China FAW Corporation Limited, Global R&D Center, Changchun 130013, China.
School of Vehicle and Energy, Yanshan University, Qinhuangdao 066000, China.
Sensors (Basel). 2023 Mar 23;23(7):3385. doi: 10.3390/s23073385.
Vehicle view object detection technology is the key to the environment perception modules of autonomous vehicles, which is crucial for driving safety.
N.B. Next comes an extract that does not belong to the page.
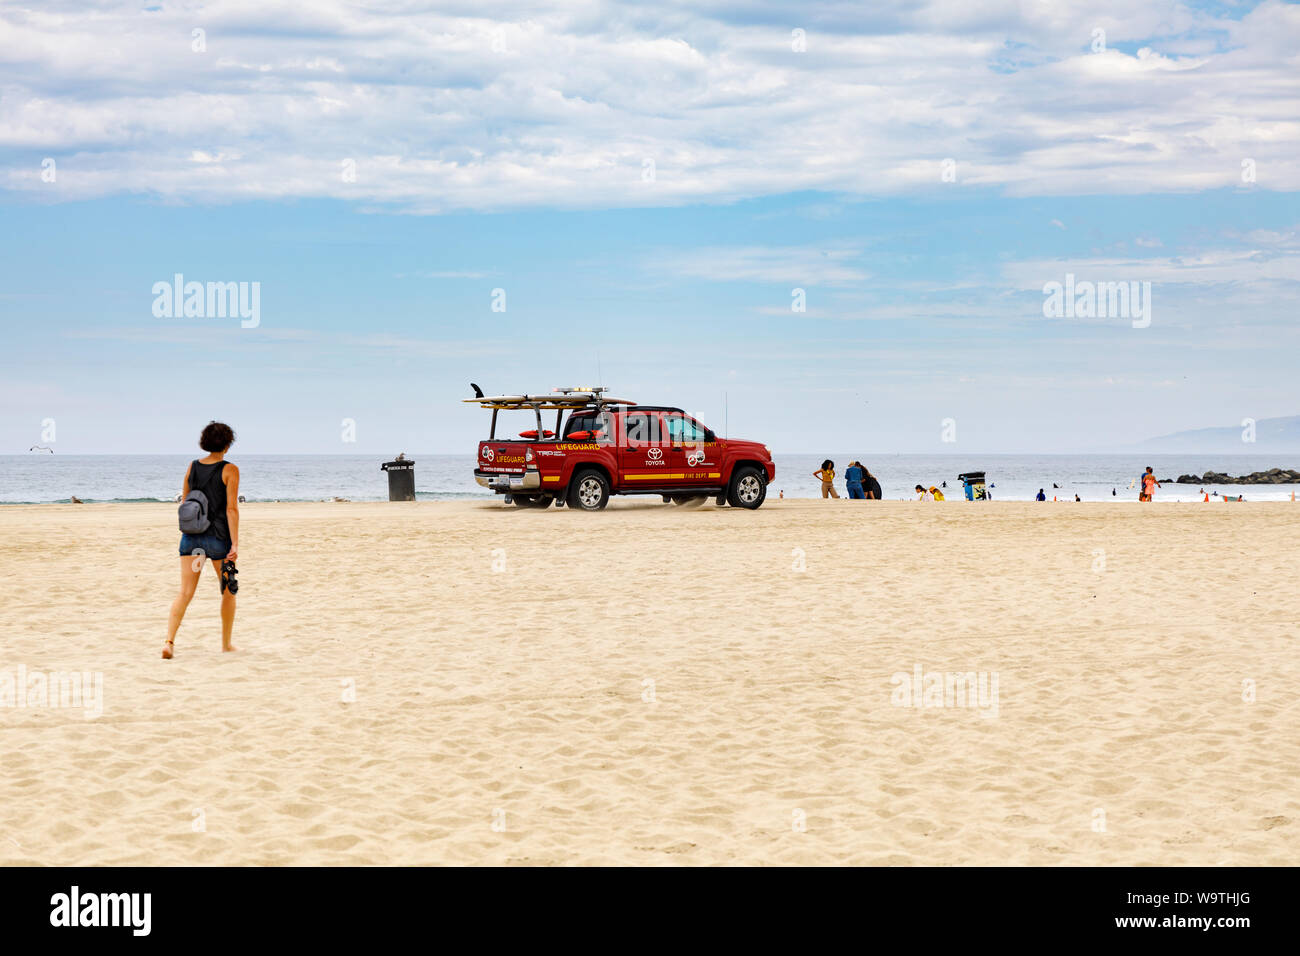 Lifeguard truck passing by on beach at Venice Stock Photo
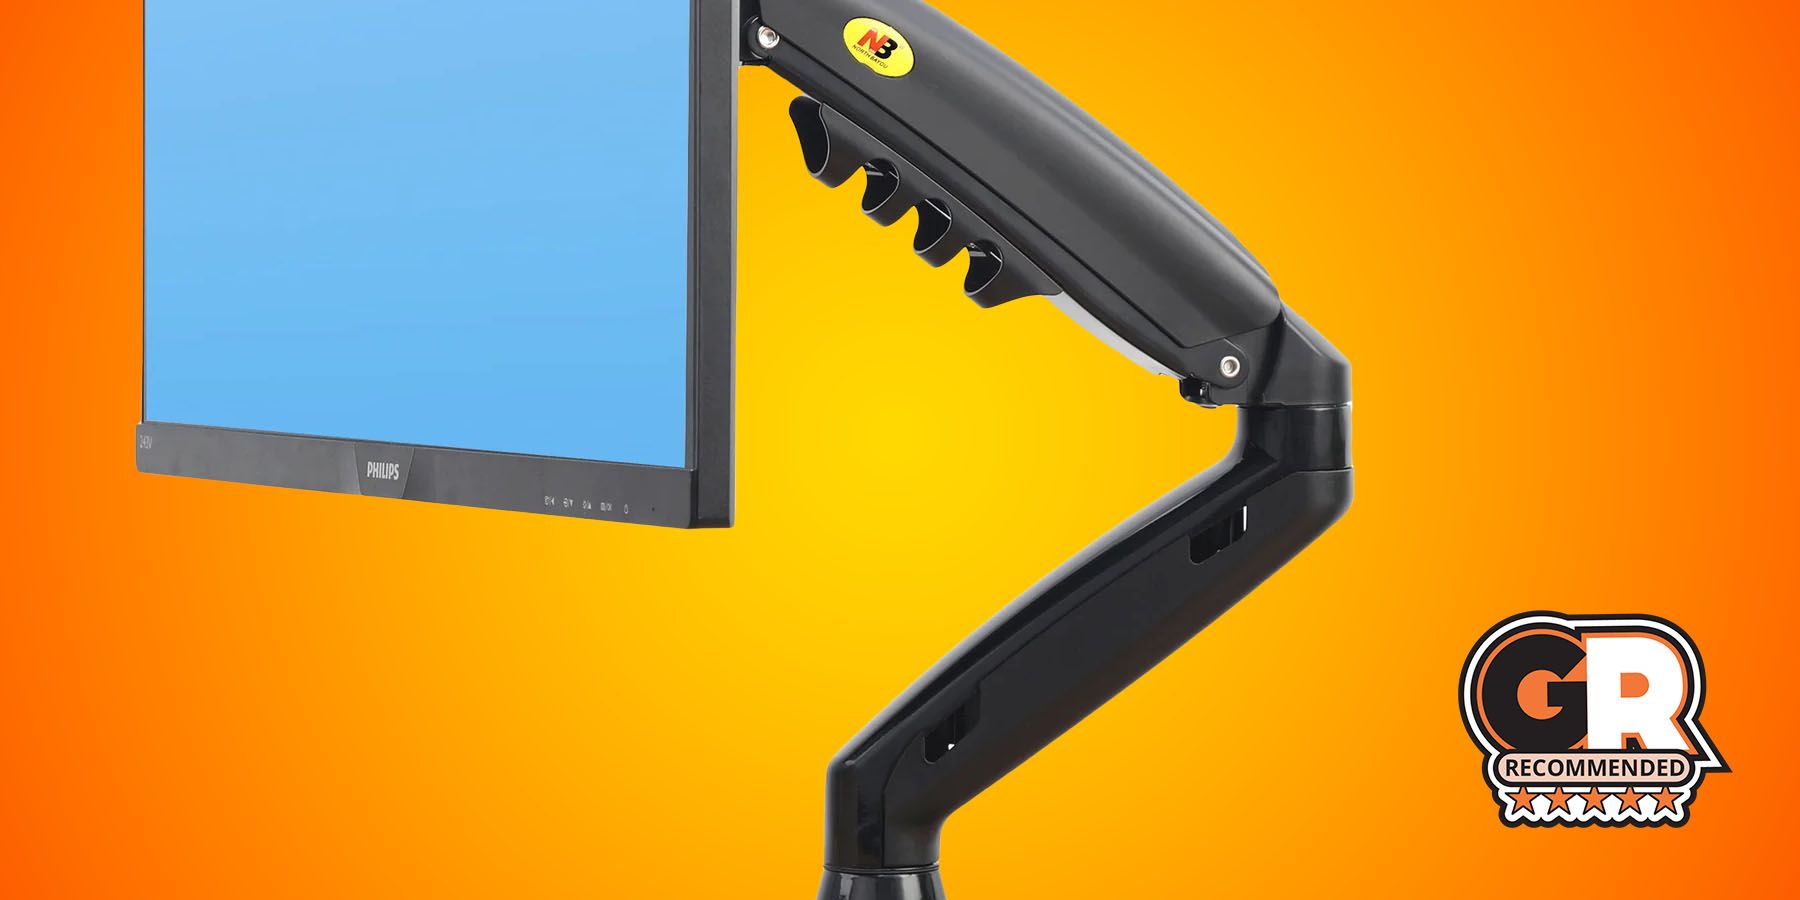 Monitor Arm vs Stand: Which is Best for Your Setup?

In view of the characteristics of complex scenes, such as dim light, occlusion, and long distance, an improved YOLOv4-based vehicle view object detection model, VV-YOLO, is proposed in this paper. The VV-YOLO model adopts the implementation mode based on anchor frames. In the anchor frame clustering, the improved K-means++ algorithm is used to reduce the possibility of instability in anchor frame clustering results caused by the random selection of a cluster center, so that the model can obtain a reasonable original anchor frame. Firstly, the CA-PAN network was designed by adding a coordinate attention mechanism, which was used in the neck network of the VV-YOLO model; the multidimensional modeling of image feature channel relationships was realized; and the extraction effect of complex image features was improved. Secondly, in order to ensure the sufficiency of model training, the loss function of the VV-YOLO model was reconstructed based on the focus function, which alleviated the problem of training imbalance caused by the unbalanced distribution of training data. Finally, the KITTI dataset was selected as the test set to conduct the index quantification experiment. The results showed that the precision and average precision of the VV-YOLO model were 90.68% and 80.01%, respectively, which were 6.88% and 3.44% higher than those of the YOLOv4 model, and the model's calculation time on the same hardware platform did not increase significantly. In addition to testing on the KITTI dataset, we also selected the BDD100K dataset and typical complex traffic scene data collected in the field to conduct a visual comparison test of the results, and then the validity and robustness of the VV-YOLO model were verified.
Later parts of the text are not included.